What we tend to do with very long lives
In our reading of the popular coverage of this species over the past decade, there is a pattern worth naming.
When a creature lives much longer than we do, we tend to fill the gap between its life and ours with a story. The story tends to be either elegiac or tragic. The shark drifts through Arctic darkness, blind, ancient, witnessing nothing. The frame is usually a projection. It is what a human imagines a 400-year life would feel like, applied to an animal whose actual experience we have no way to access. The parasites on the cornea become a kind of natural metaphor for the cost of long life.
The revision matters because it removes the metaphor and replaces it with something more ordinary and more demanding. The shark is not a tragic figure carrying its blindness through the centuries. It is an organism whose biology actively preserves visual function on a timescale we do not have a clear way to think about. The interesting question is no longer what it must be like to live for 400 years blind. It is what it would take to preserve a retina that long. The Fogg paper points at part of the answer. Most of the answer is not yet known.
A small note about received wisdom
The blindness line has been repeated in roughly the same form for roughly thirty years. It became a fact about the species without anyone running the experiment that would confirm or refute it. The 1998 paper hedged carefully. The summaries did not. By the early 2020s the hedging had vanished entirely from popular accounts.

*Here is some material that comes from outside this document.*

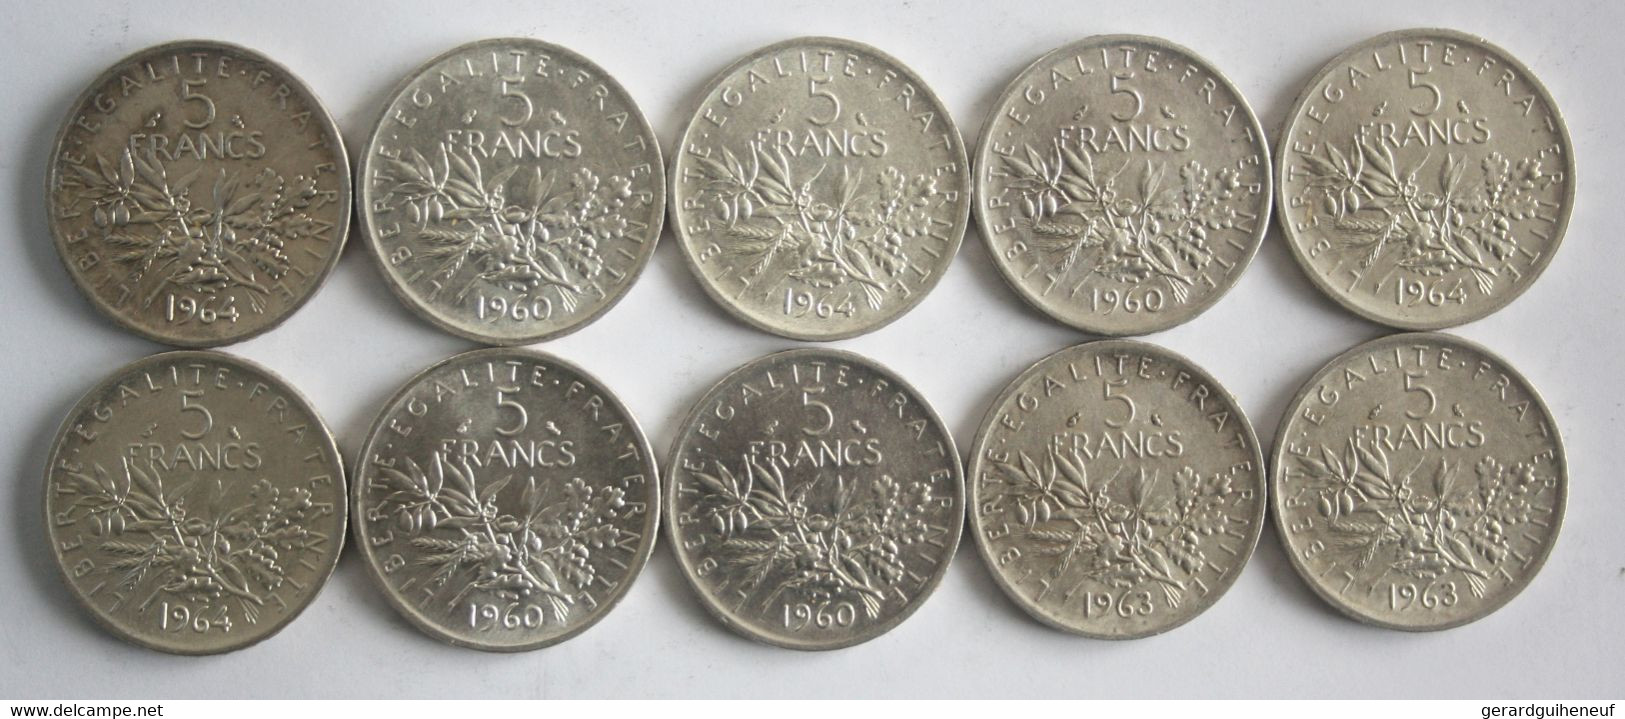 20 Monnaies 2 Francs Et 5 Francs Semeuse ARGENT - Lots & Kiloware - Coins
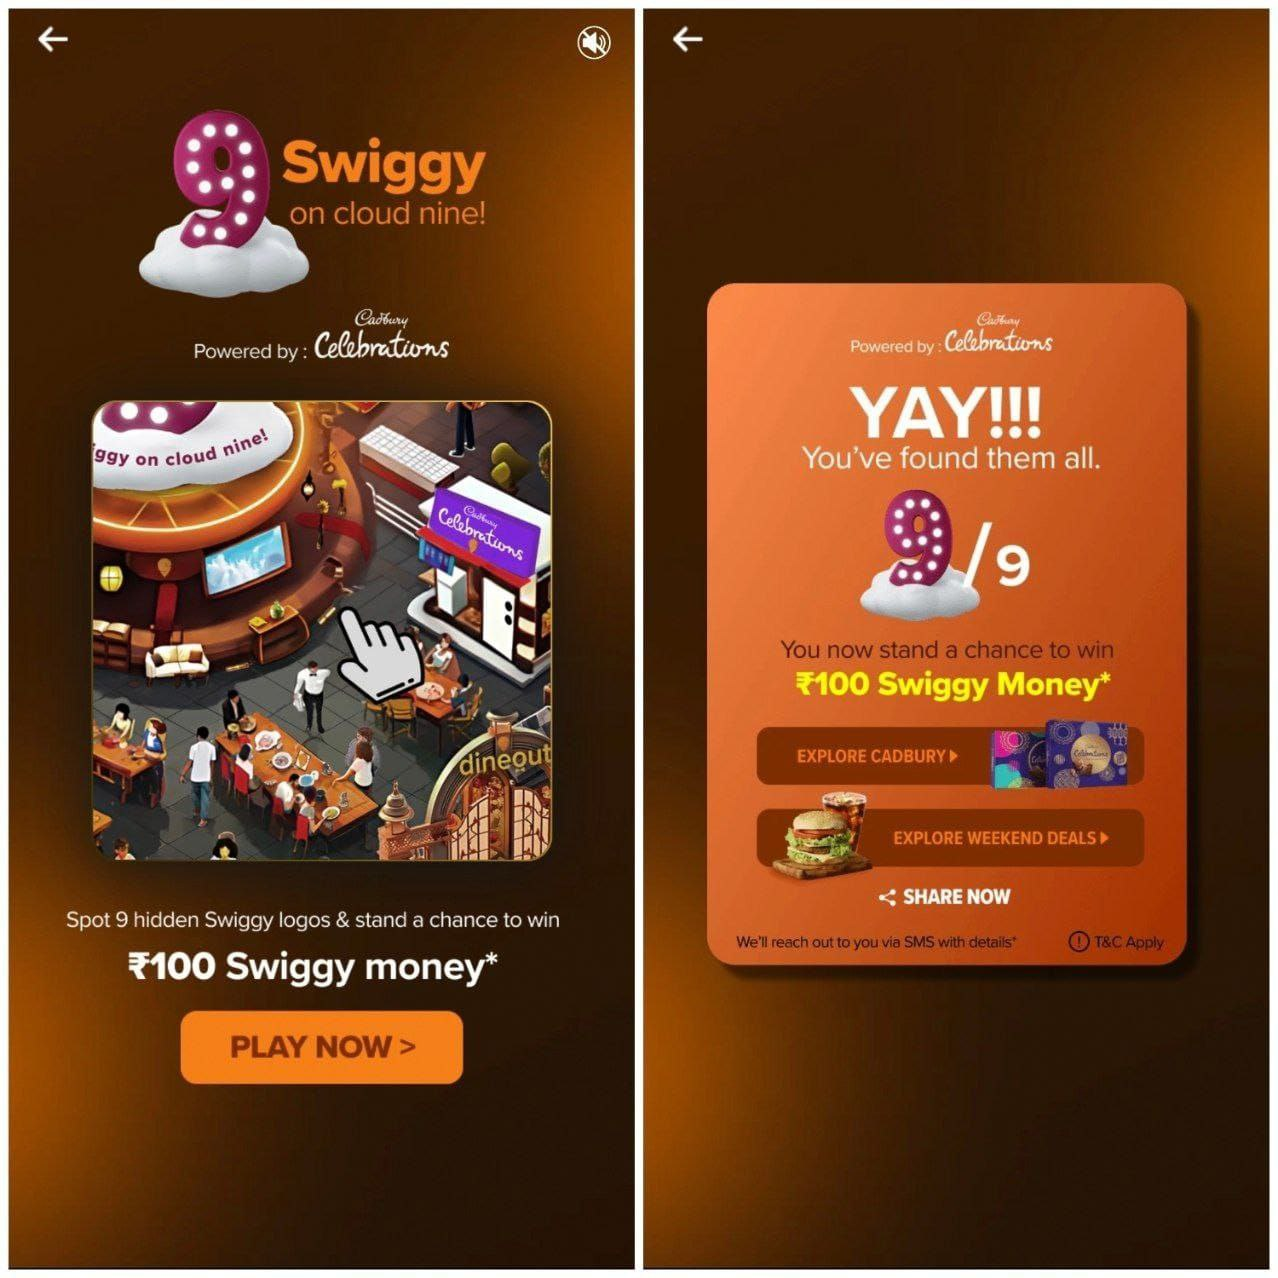 Swiggy Cloud Nine Offer: Spot & Win Free ₹100 Swiggy Cash

There is no scandal in this. It is how received wisdom tends to form about creatures most of us will never see, in environments most researchers cannot easily reach. Someone makes a careful claim with a qualifier. The qualifier drops. The careful claim hardens into a known thing. Eventually someone watches a video, notices an animal moving its eye, and goes back to look.
The shark is still there. It is still very old, still very slow, still tracking light at a depth where there is not very much of it. The story we have been telling about it was a third wrong, and the third that was wrong turned out to be the part we found easiest to imagine.